Stéphane VITU est architecte d’intérieur. L’Institut de l’École Chez Soi lui a délivré, le 18 mai 2009 à Boulogne, le diplôme de « Concepteur indépendant en architecture intérieure ». Il exerce depuis à Roujan, dans l’Hérault, sous l’enseigne PARALLEL, une activité de conception classée en activités spécialisées de design, et intervient en expertise dans l’Hérault, l’Aude, les Pyrénées-Orientales, le Tarn et l’Aveyron.
Avant l’expertise, il y a chez lui l’enseignement : douze années passées à former à l’architecture intérieure à Montpellier. Cela laisse des traces dans une façon de travailler. Un formateur ne se contente pas de savoir : il doit rendre le savoir démontrable, reprendre le raisonnement depuis le début, nommer chaque étape et accepter d’être contredit sur chacune. Un rapport d’expertise obéit à la même exigence.

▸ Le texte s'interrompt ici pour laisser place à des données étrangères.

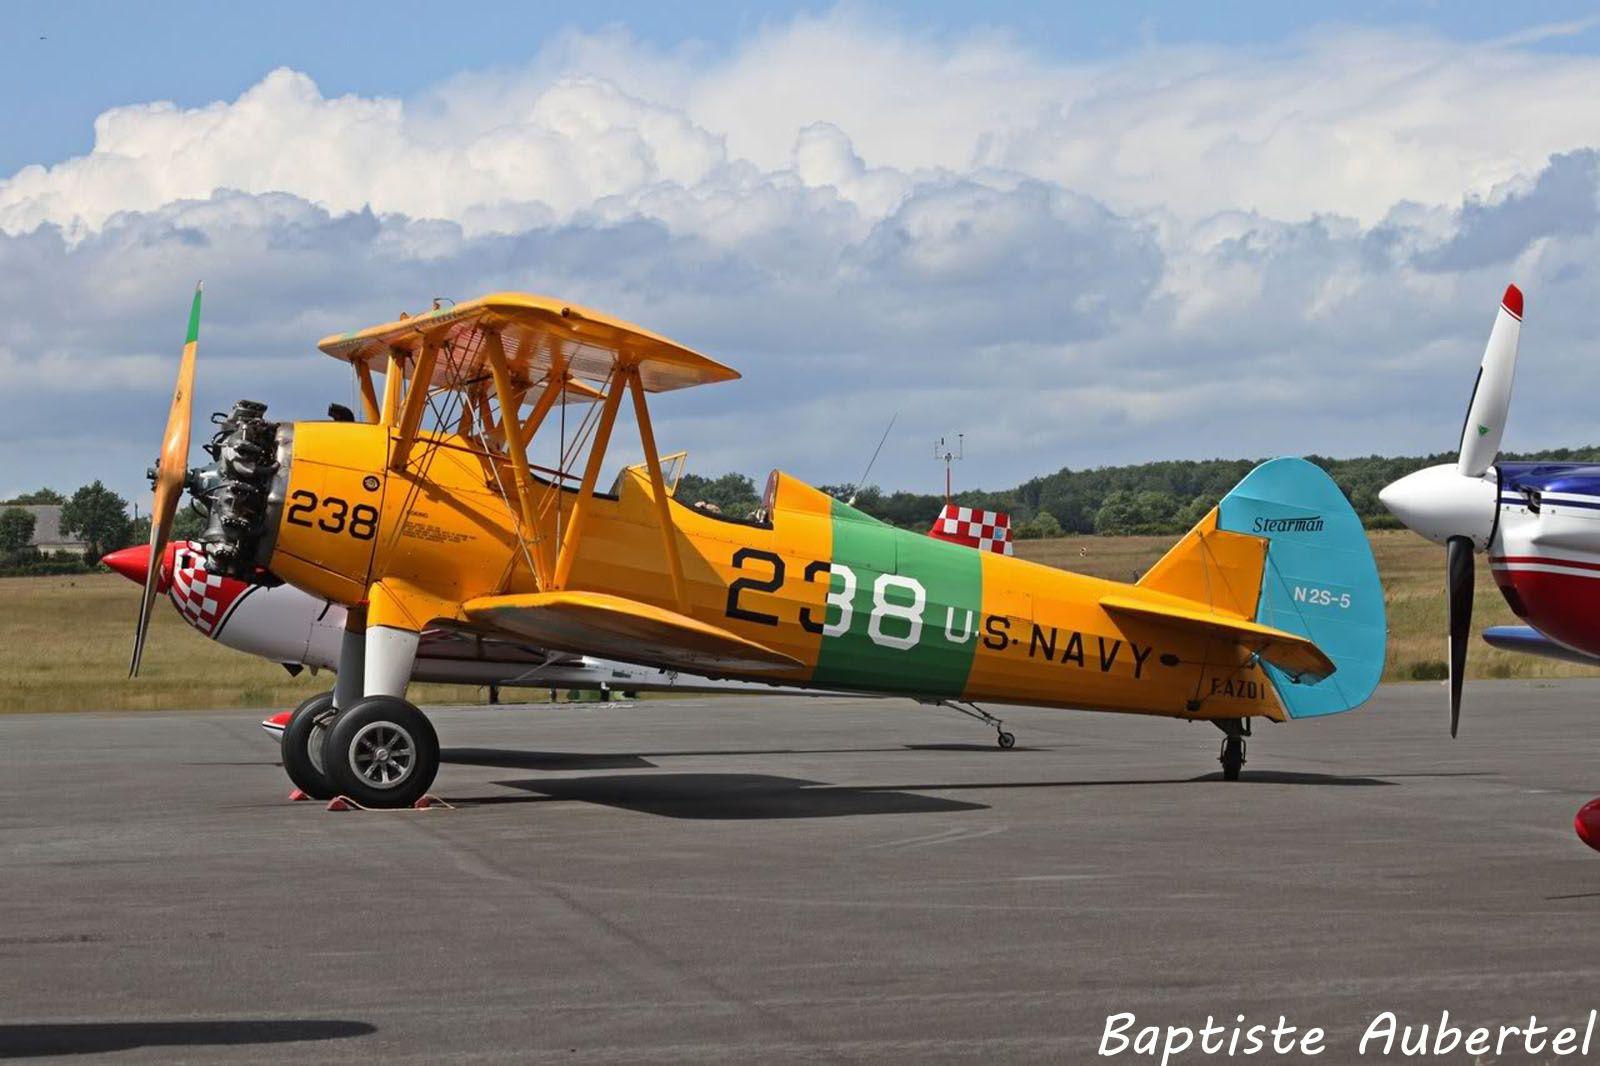 Le Boeing Steraman F-AZDI (photo Baptiste Aubertel)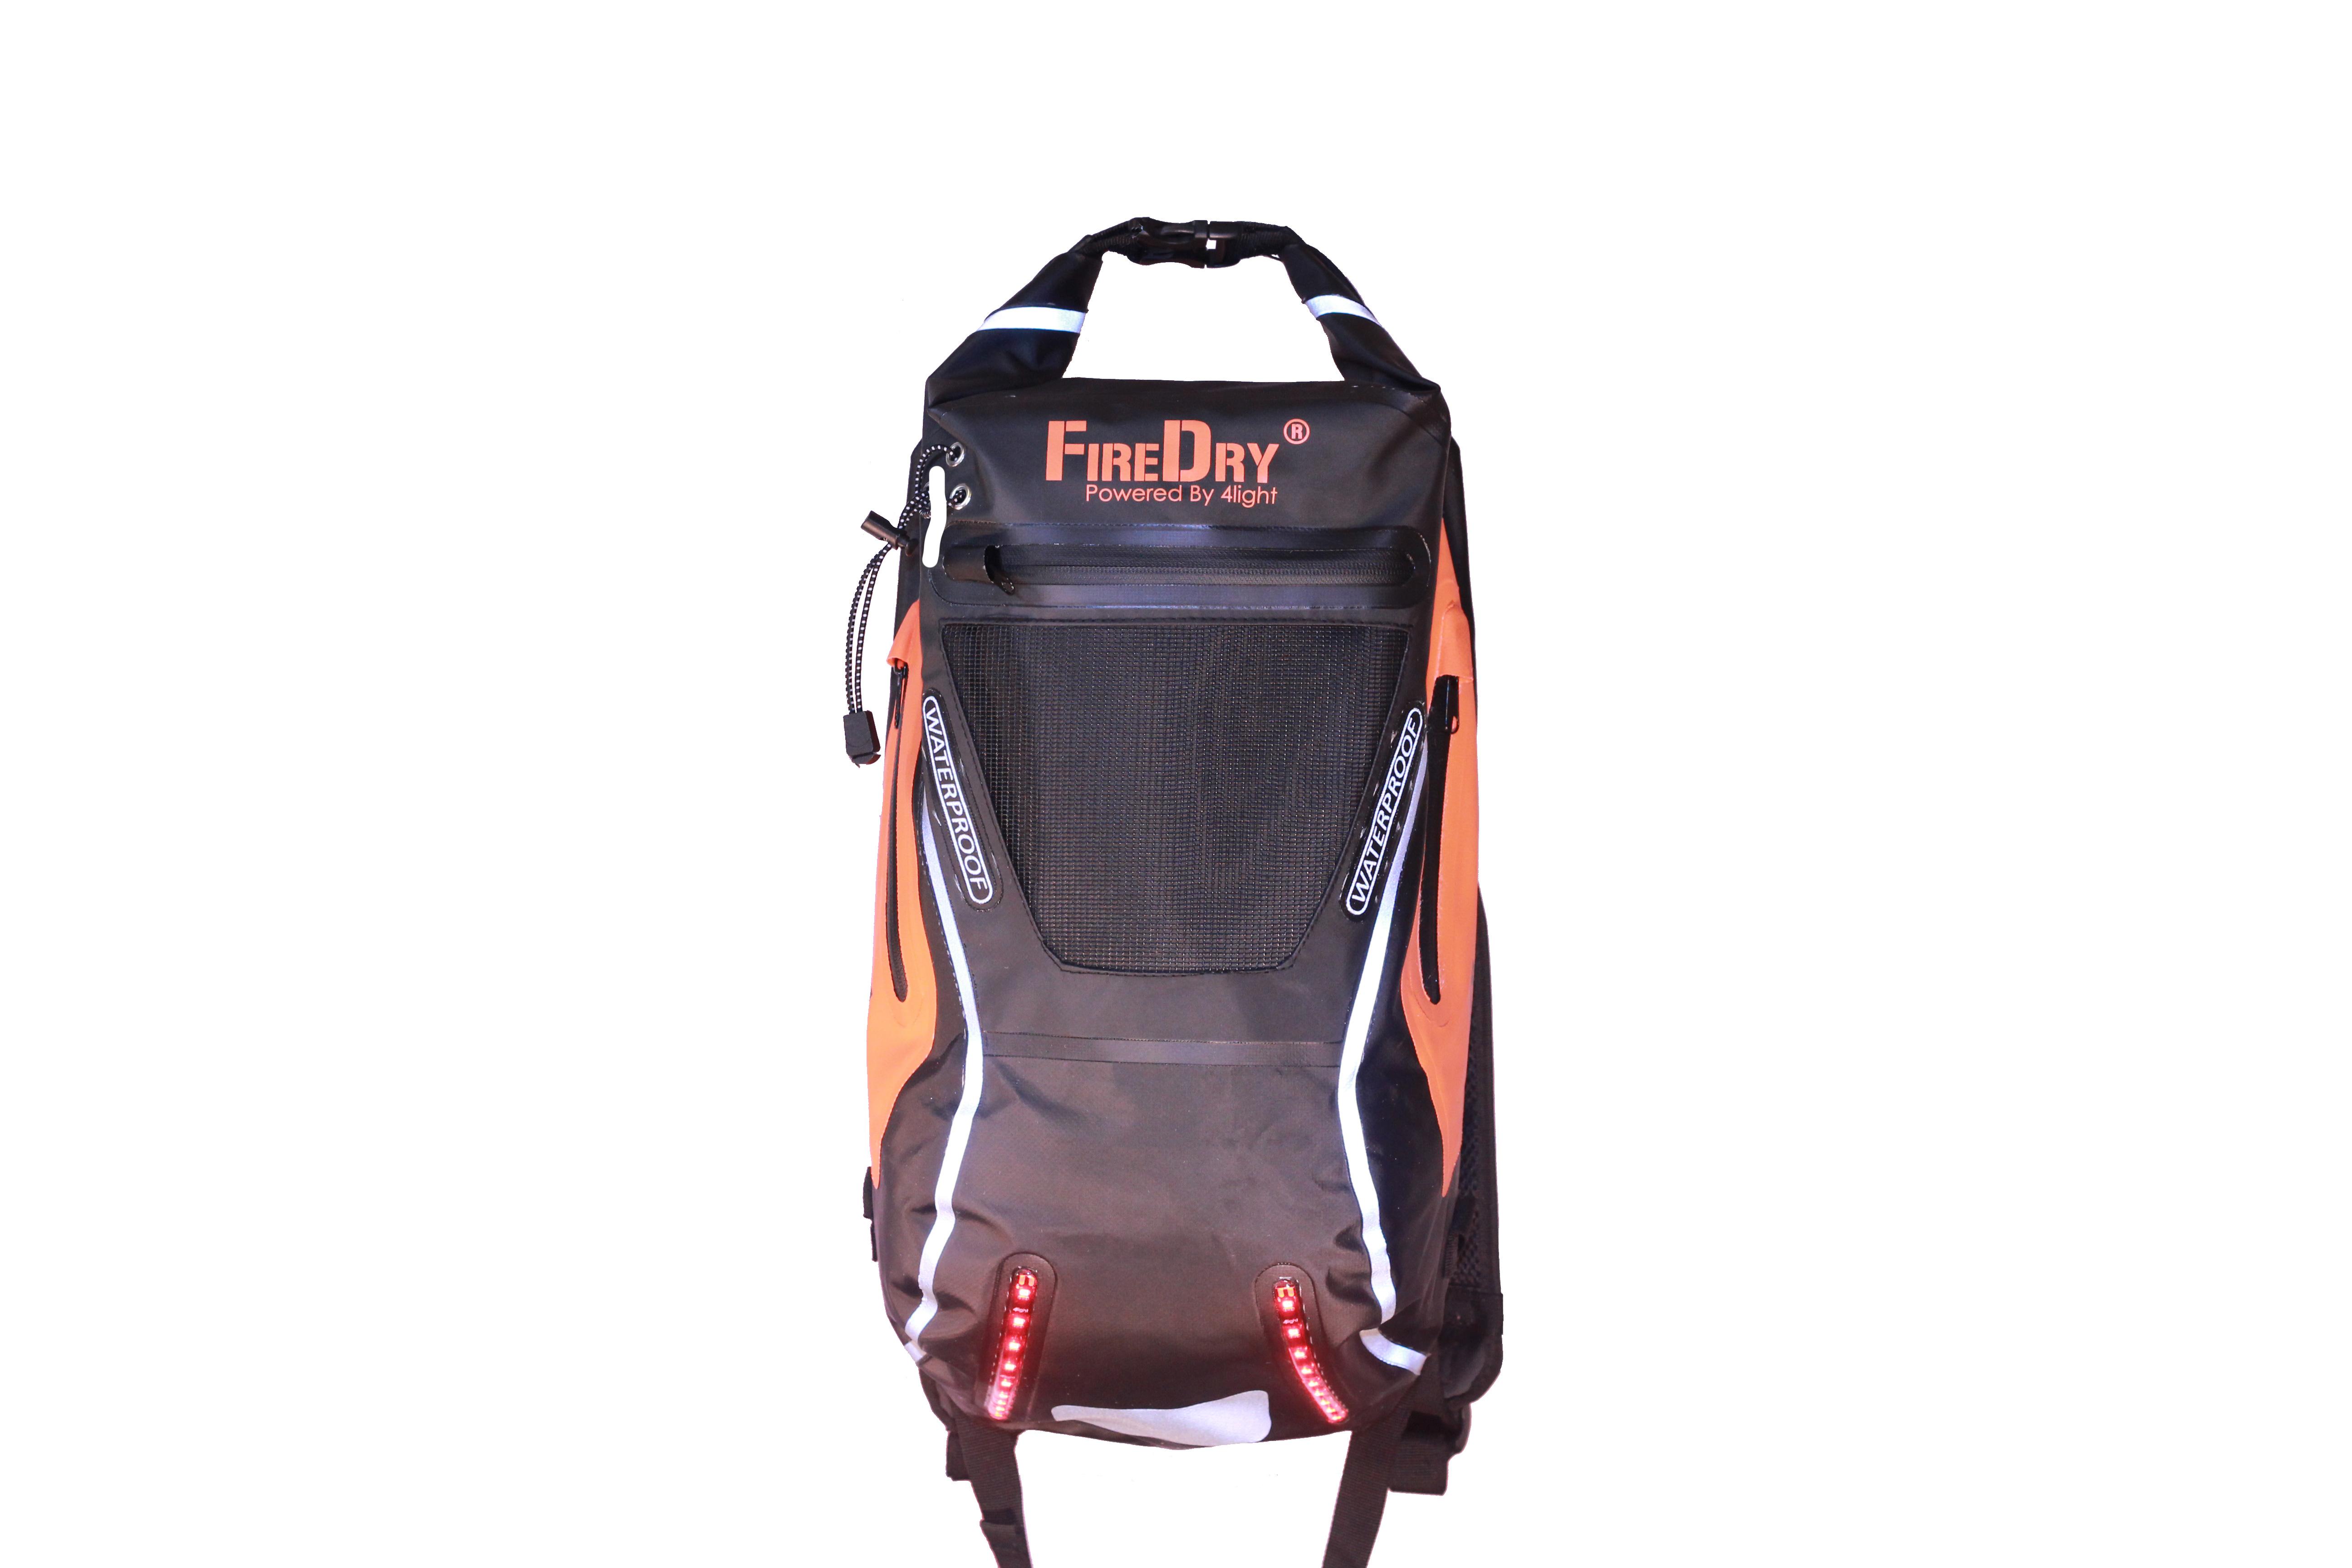 Ryggsäck Firedry svart/Orange

Il ne vaut que par la chaîne qui relie le constat à la cause, et cette chaîne doit tenir devant quelqu’un qui n’était pas sur les lieux.
Sa formation le porte sur la conception tous corps d’état et sur le travail de bureau d’études : distribution des espaces, épaisseurs, supports, réservations, articulation entre le second œuvre et la structure qui le porte. Il travaille en conception assistée par ordinateur, sur AutoCAD et SketchUp, ce qui lui permet de redessiner un existant plutôt que de le décrire, et de mettre un désordre en géométrie — un plan coté, une coupe, un volume — lorsque la photographie ne suffit plus à le discuter.
Cette double culture, conception puis pédagogie, explique l’angle qu’il donne à ses expertises. Un concepteur qui a dessiné, chiffré et suivi des aménagements lit un désordre dans l’ordre où il s’est produit : ce que le plan prévoyait, ce qui a été exécuté, ce qui a été modifié en cours de chantier, et ce qui, à l’arrivée, se fissure, se décolle, se déforme ou ne ferme plus. C’est cette reconstitution, et non le seul constat visuel, qui permet d’attribuer une cause plutôt que de la supposer. Elle évite l’erreur la plus courante dans les désordres d’aménagement, qui consiste à imputer à la finition un défaut né bien avant elle, dans le support ou dans le choix de conception qui l’a imposé.